Today, Stewart-Whyte is being held with 21 other suspects in an alleged plot to blow up U.S.-bound airliners over the Atlantic. Stewart-Whyte, who became Abdul Waheed, and two other suspects were converts to Islam, reinforcing what many security experts and clerics already knew: The fervor and inexperience of new converts provides fertile soil for the allure of radical theology.

"The converts are seen as the most extreme, and they're seen as the most extreme even by other Muslims who may not come from the U.K. Which is really worrying," said Anthony Glees, director of the Brunel University Center for Intelligence and Security Studies in West London.

The growing number of homegrown converts in the ranks of militant Islam in Britain is raising troubling new questions not only about what it means to be British, but whether new Muslims must choose between family and faith across what many see as a yawning divide between civilizations.

Britain now has perhaps 50,000 Muslim converts, ranging from fair-haired homemakers in Yorkshire who have adopted the hijab to former Catholic priests, Afro-Caribbean street gang members and upper-middle-class university students.

At meetings attended by many new converts, Glees said, "people are brainwashed with certain ideas. Such as, there was no Holocaust. Such as, the London [transport] bombers killed far fewer people than the number of Muslims killed over hundreds of years by the British. These things are said, and they become increasingly accepted by these people as their ideological currency."

"Of course, we have noticed this," said Abdurahman Anderson, who has worked extensively with new Muslims at South London's Brixton mosque. The congregation there, about 60% converts, has included Richard Reid, the British-born would-be "shoe bomber" who was himself a convert, and Sept. 11 conspirator Zacarias Moussaoui, now serving a life sentence in the U.S.

"A lot of youth ... have had a kind of intellectual revolution," Anderson said. "And with the world events, they've decided to get a fervor in themselves. We call it hamas. This excitement can come to a new convert, or someone who's turning away from the old, traditional Islam.

"What we find is that extremists have used this enthusiasm to try and teach them their erroneous ideas. And these individuals, who have a quest for knowledge, and an excitement, they're susceptible to it."

Friends say that after his conversion, Stewart-Whyte grew a beard, wore baggy trousers or sometimes the \o7shalwar kameez\f7, a loose-fitting tunic and pants, and frequented a local Islamic studies center with two other young Muslims also arrested in the alleged plot.

A few weeks before the arrests, he married a Moroccan woman who had moved into the house he shared with his mother, a physical education teacher. Neighbors said the young bride never emerged from the house without a full black burka, leaving only slits for her eyes.

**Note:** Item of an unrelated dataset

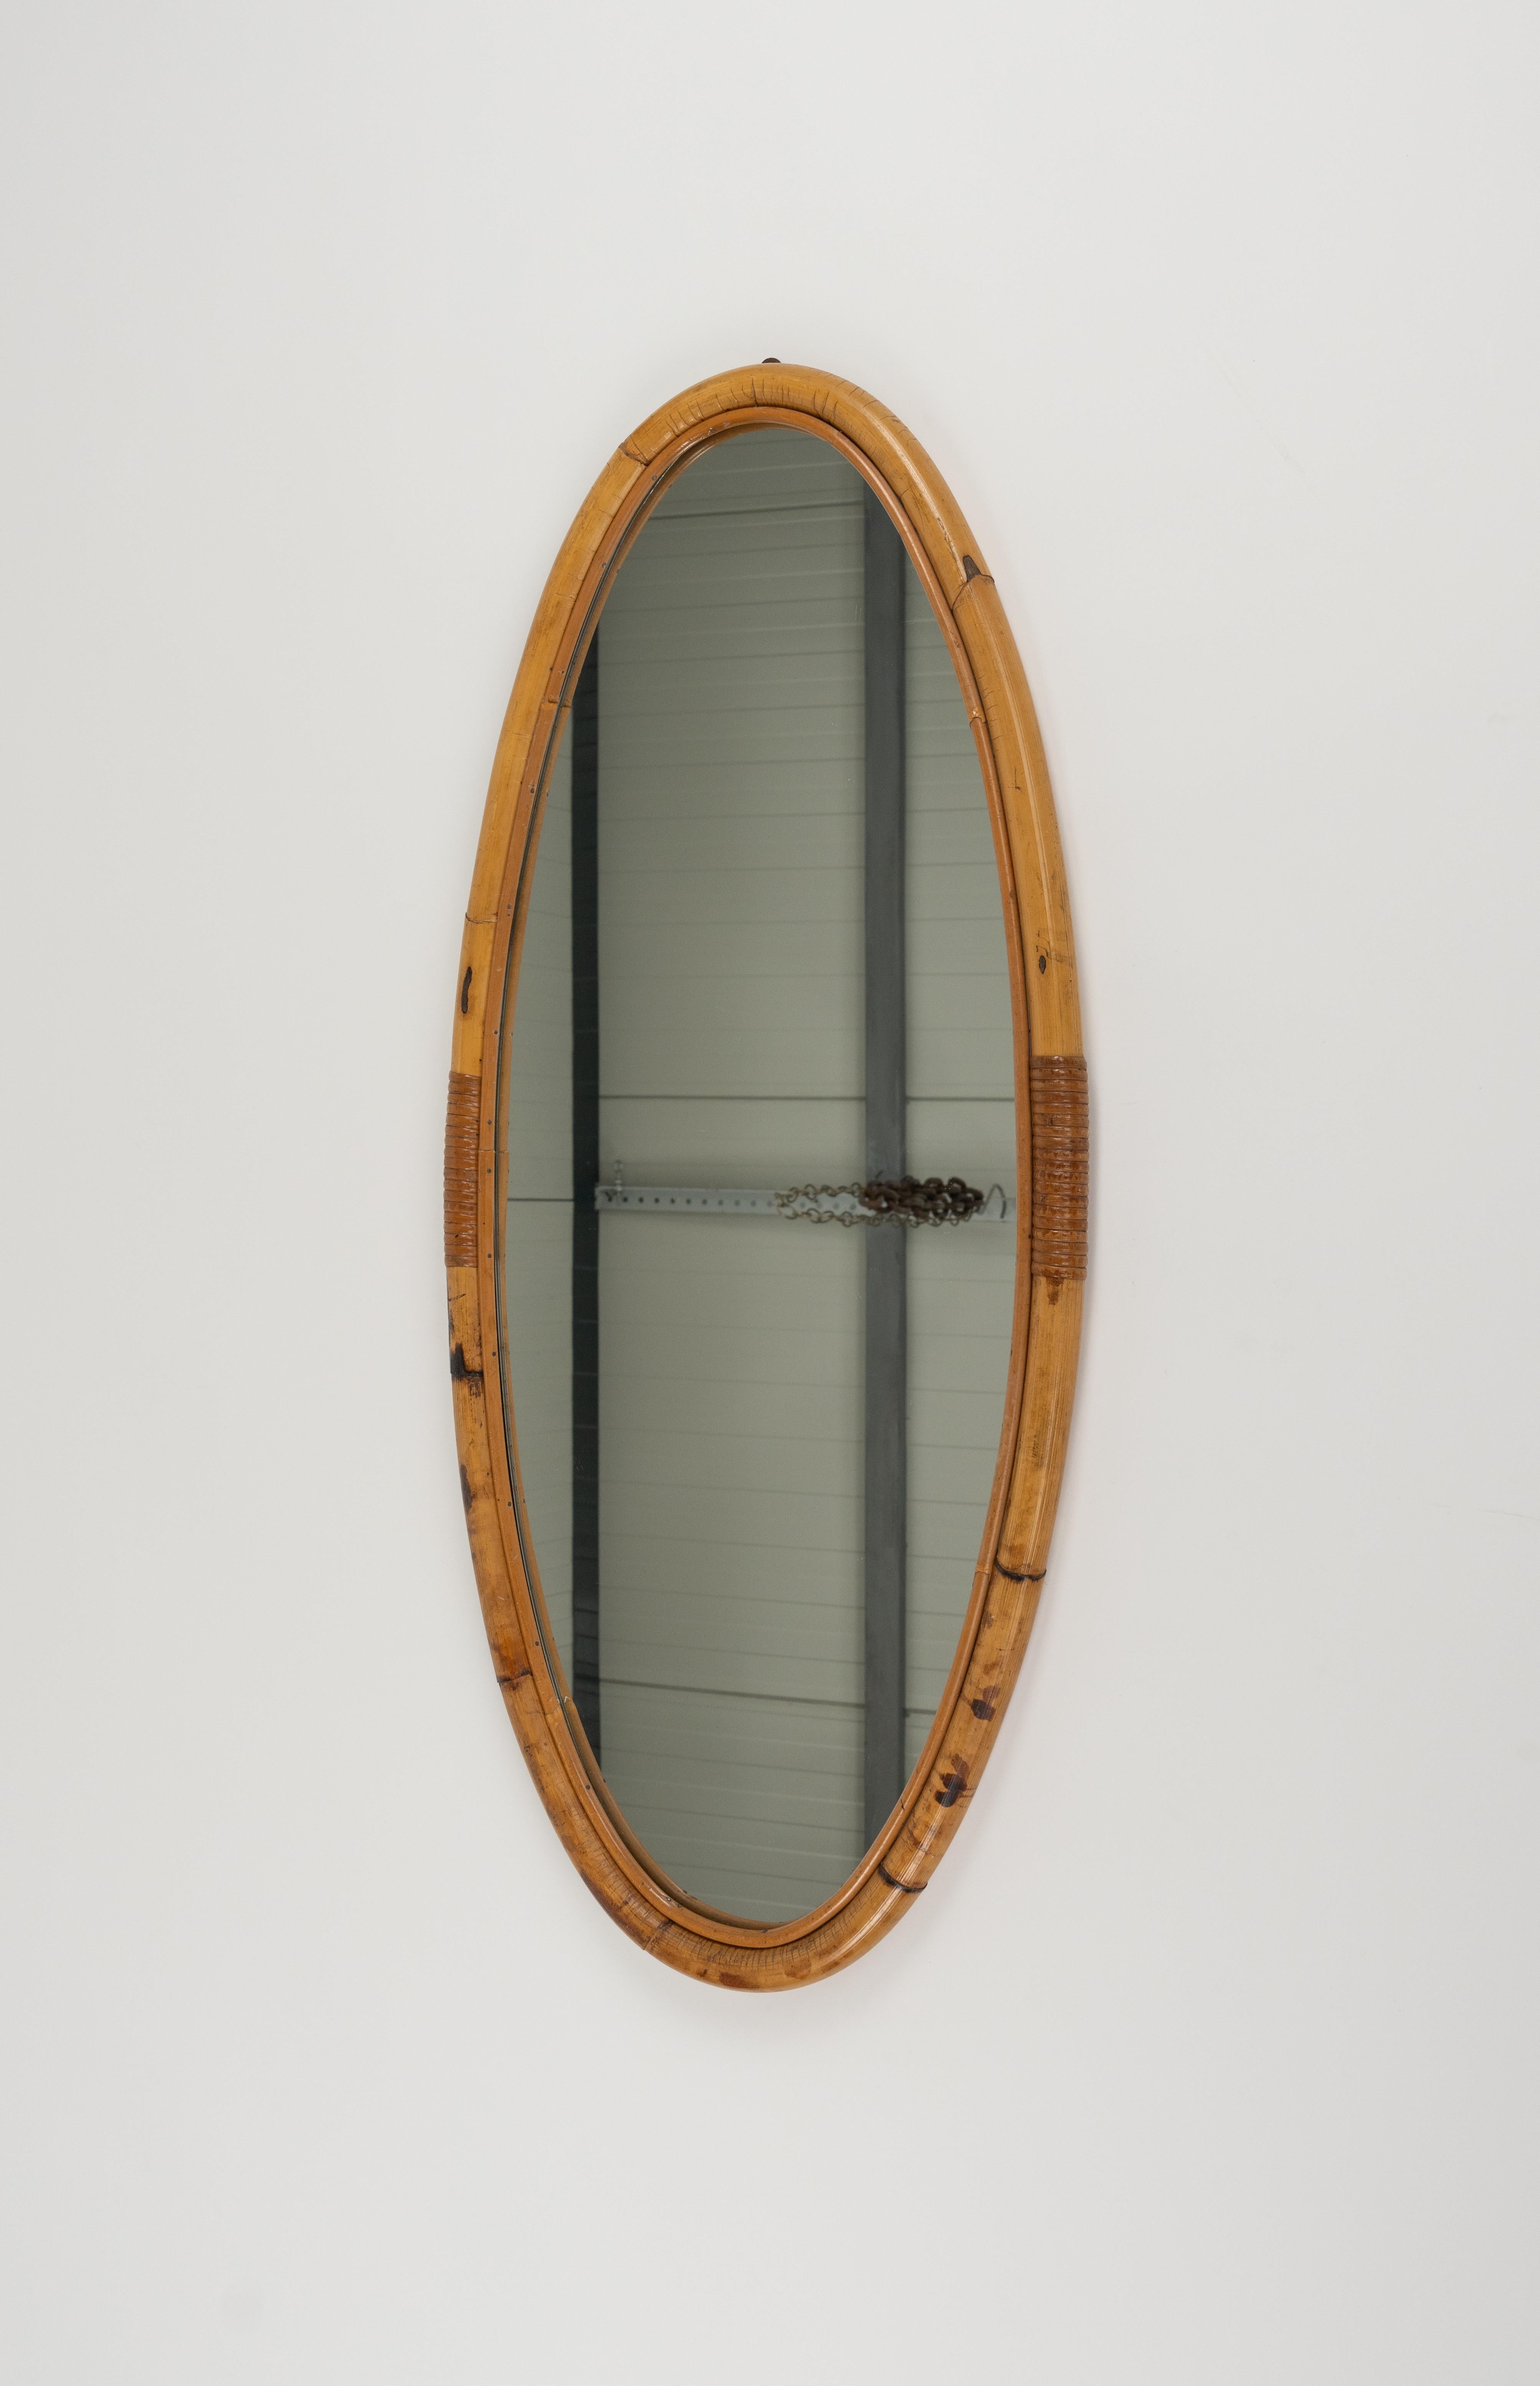 Midcentury Bamboo and Rattan Oval Wall Mirror, Italy 1970s For Sale 3

Neighbor Zaman, who says he worked for a year as a driver for radical Muslim cleric Abu Hamza, defended the young convert. "Don's a nice guy," he said. "He never talks about jihad. Just basic Islamic principles, love your neighbor and all that. You know, 'Hi brother, how you doing?' Nothing to do with terrorism.

"Of course he was upset, like everybody is. You've got the U.S. selling these bunker-busting bombs to Israel, and they use those weapons to kill Lebanese men, women and children -- this is state-sponsored terrorism, you know what I mean?" he said. "But Don and all these Muslims that are in Britain, they're working, they've got their wives, they've got their families."

The purported plot to blow up liquid explosives on board aircraft "just doesn't make sense to any of us," he added. "OK, a hole blows in the fuselage and the plane starts going down, and you're there with the rest of them, you're bloody yelling and dying for five minutes? It's crazy! Who would do that?"

Another High Wycombe resident arrested was Brian Young, 28, a former Rastafarian who became Umar Islam when he converted to Islam about three years ago. Young, married to a Muslim woman and a recent father, apparently worked as a city bus inspector. The Sun reported he was on duty the day of the London transport explosions in July 2005, and searched buses for other possible bombs.